Various countries have begun exploring both avenues. For example, with regard to sales restrictions, the Biden administration is already (slightly) clamping down by new regulations on cash-only real estate purchases, limiting sales of FHA-insured and HUD-owned properties to large investors and proposing higher taxes for investor buyers.

Cincinnati is buying homes that might be bought by large investors, and then planning to sell them to owner-occupants. Ireland has moved to block investment firms from buying large chunks of housing stock by levying special taxes on the purchase of more than 10 properties, and by insisting that 50% of new developments go to owner-occupiers. Other locales have even set a numeric limit on the number of units that can be owned by a corporation or investment firm (and all its subsidiaries and shells), or limits on number of rental units in a given subdivision

Other strategies include measures that prohibit bulk sales of foreclosed homes or mandate that the owner must live in the property for a year before the unit can be rented out. Still others make such sales very expensive by levying a special social impact tax on investor buyers at the time of sale or on yearly profits that can add up to the price of the home, or by placing restrictions on the bidding process itself to make it fairer to regular homebuyers, or by offering government grants to ordinary homebuyers to help them be more competitive in bidding against investment firms. (Berliners have even voted to force predatory corporate owners to divest and sell units to the government.)

The second prong of the strategy is to make holding onto the housing stock burdensome for the corporate owner. Proposals to establish special (read: higher) property tax tiers for corporate owners, or changing tax law to make certain expenses and taxes non-deductible for corporate owners have been floated, as well as devaluation of property investments for tax purposes for investment firms.

Rent increase caps are a frequently used approach to denying corporate owners exorbitant profits, though they can sometimes have unintended negative effects.

Still other countries and locales outlaw the practice of forcing tenants to repair their own units, fine vacant property owners for failure to keep up the property, impose special taxes on vacant properties or properties owned by foreigners, tighten underwriting for investor buyers, and make it far easier for tenants to fight eviction.

Some countries and locales use a carrot instead of a stick and reward corporate owners who establish “rent-to-own” contracts with their tenants (though care must be taken in crafting these) and also make it easier for renters to qualify for mortgages.

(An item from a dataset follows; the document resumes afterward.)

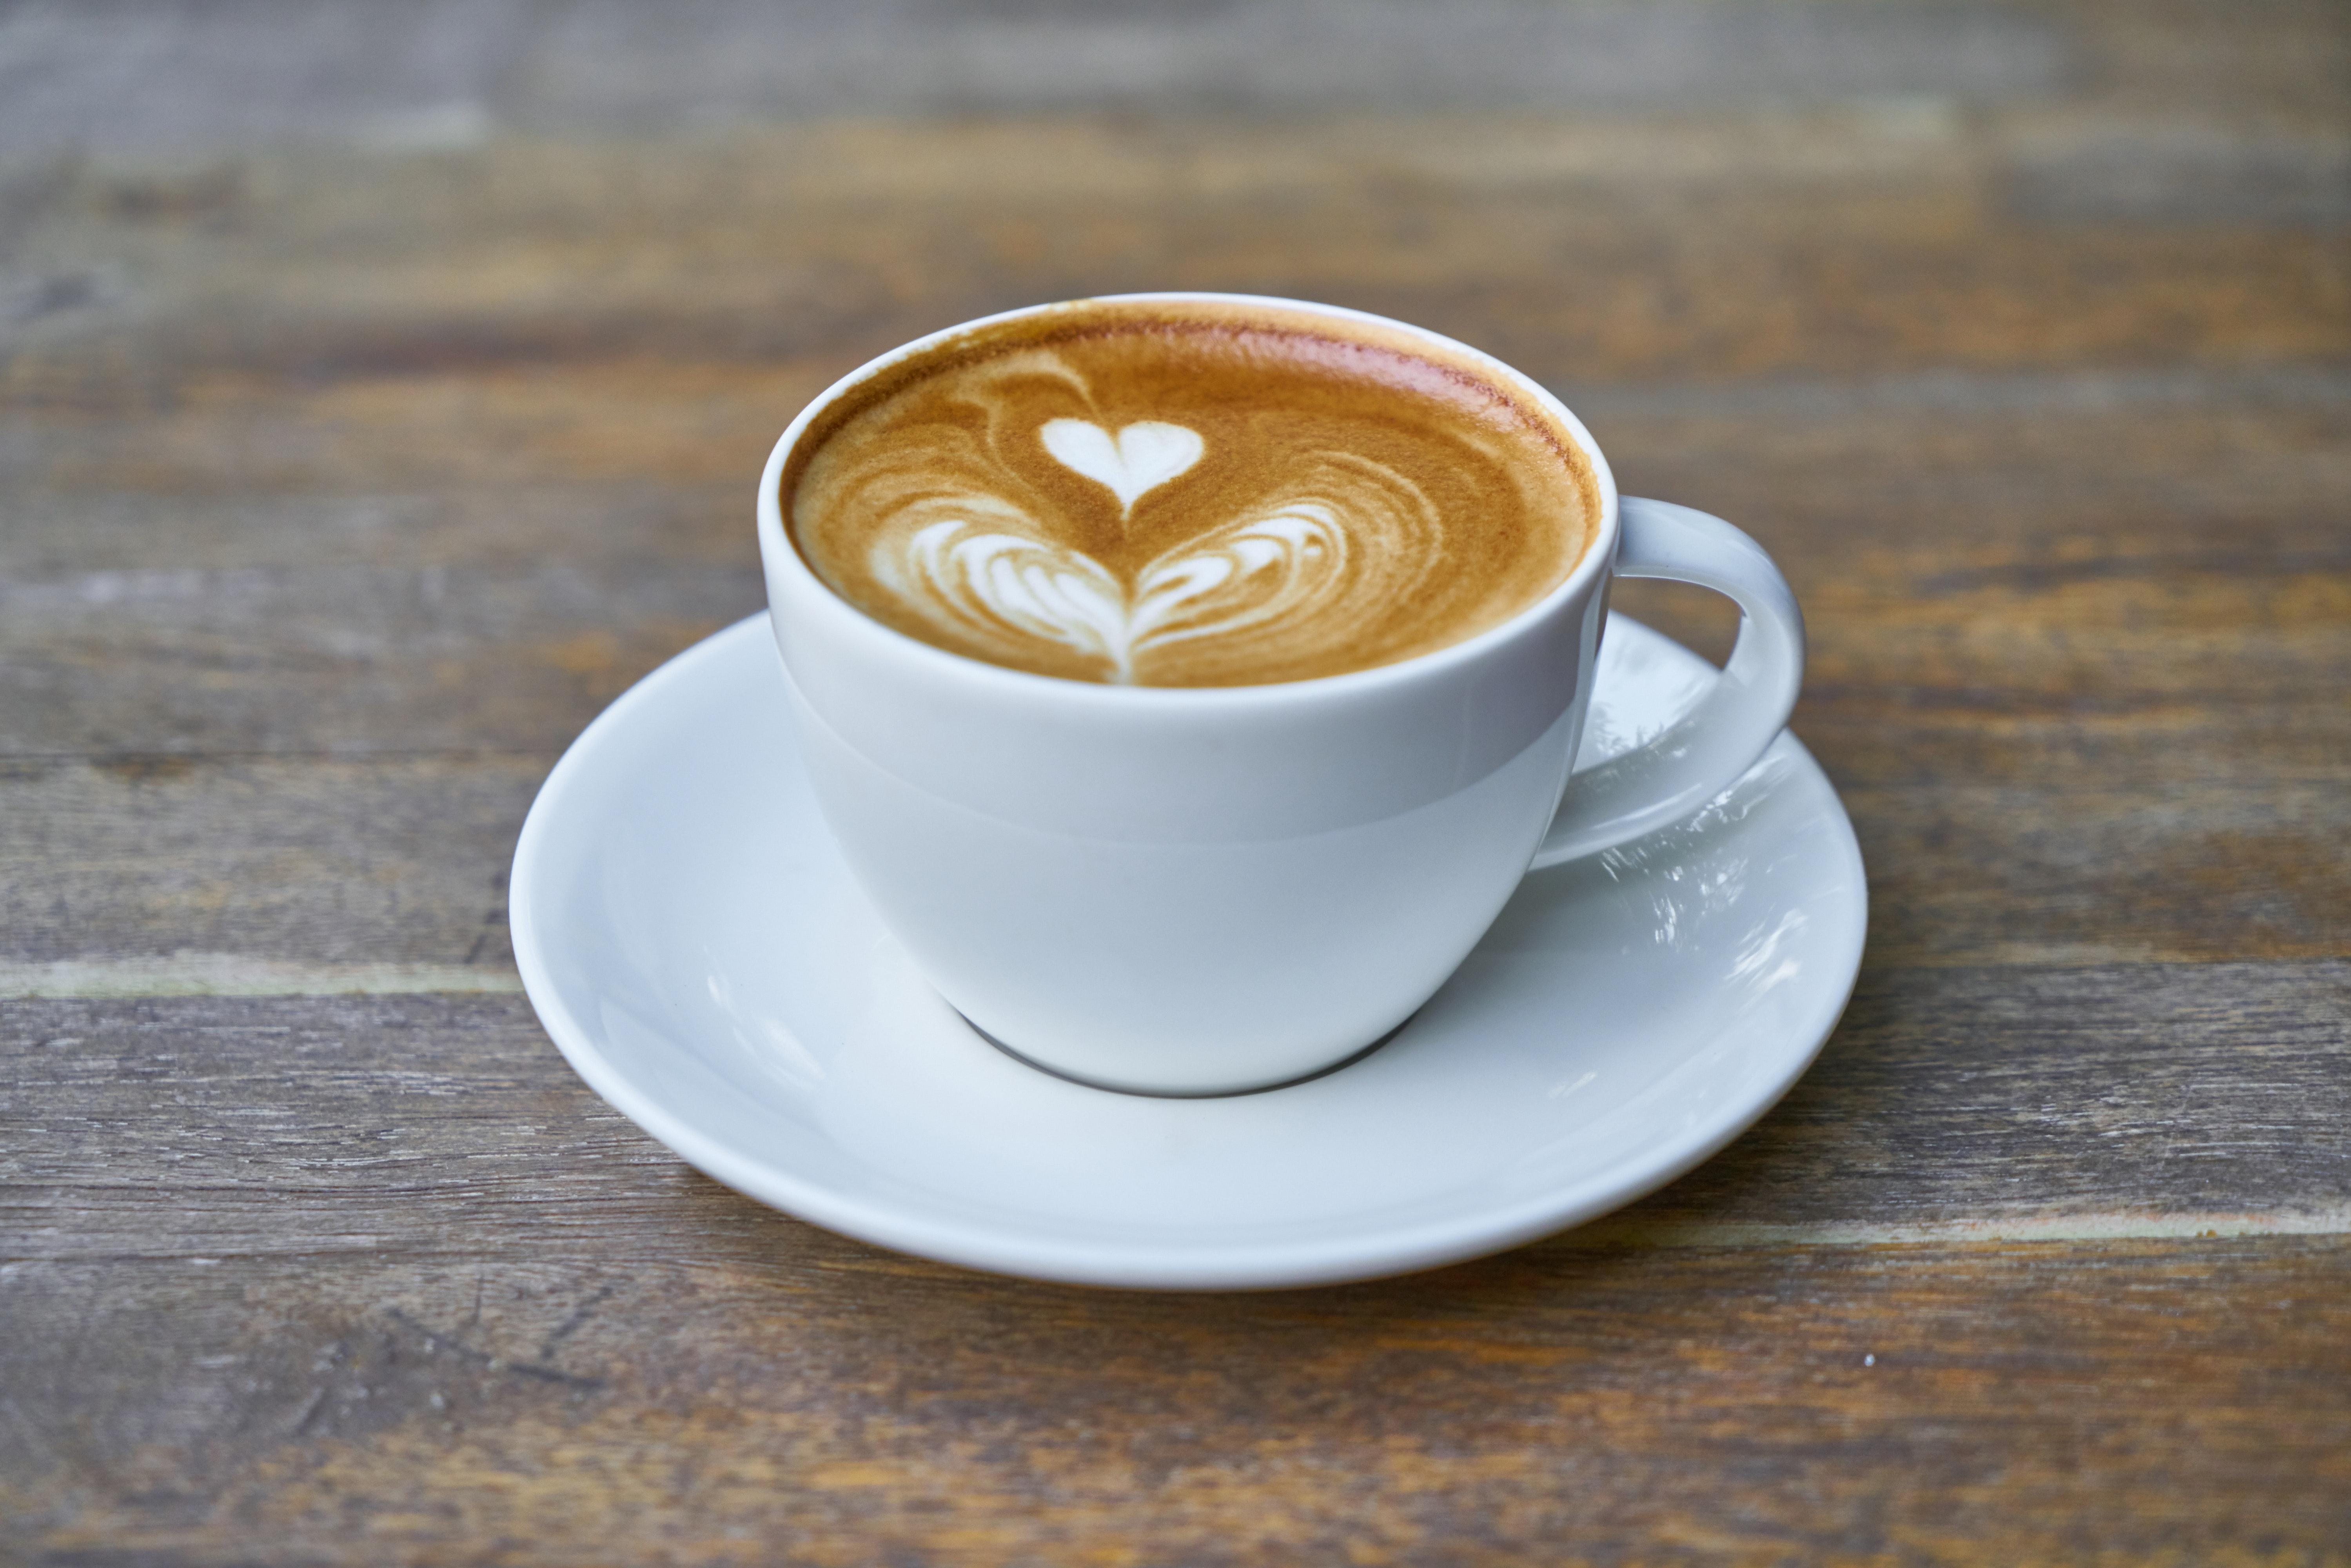 Kostenlose tasse kaffee Bilder · Pexels

In short, neither the U.S. nor Utah is helpless in the face of this great shift toward neofeudalism. We needn’t countenance the push to turn our children into a generation of serfs, our land into some investment firm’s feudal dukedom, and our government into rule by a landed corporate aristocracy. It’s high time for federal, state and local leadership to face this serious challenge to our future, otherwise, as Kotkin puts it, “Unlike their forebears, the next generation seems likely to live increasingly as propertyless serfs.”

Valerie M. Hudson is a university distinguished professor at The Bush School of Government and Public Service at Texas A&M University and a Deseret News contributor. Her views are her own.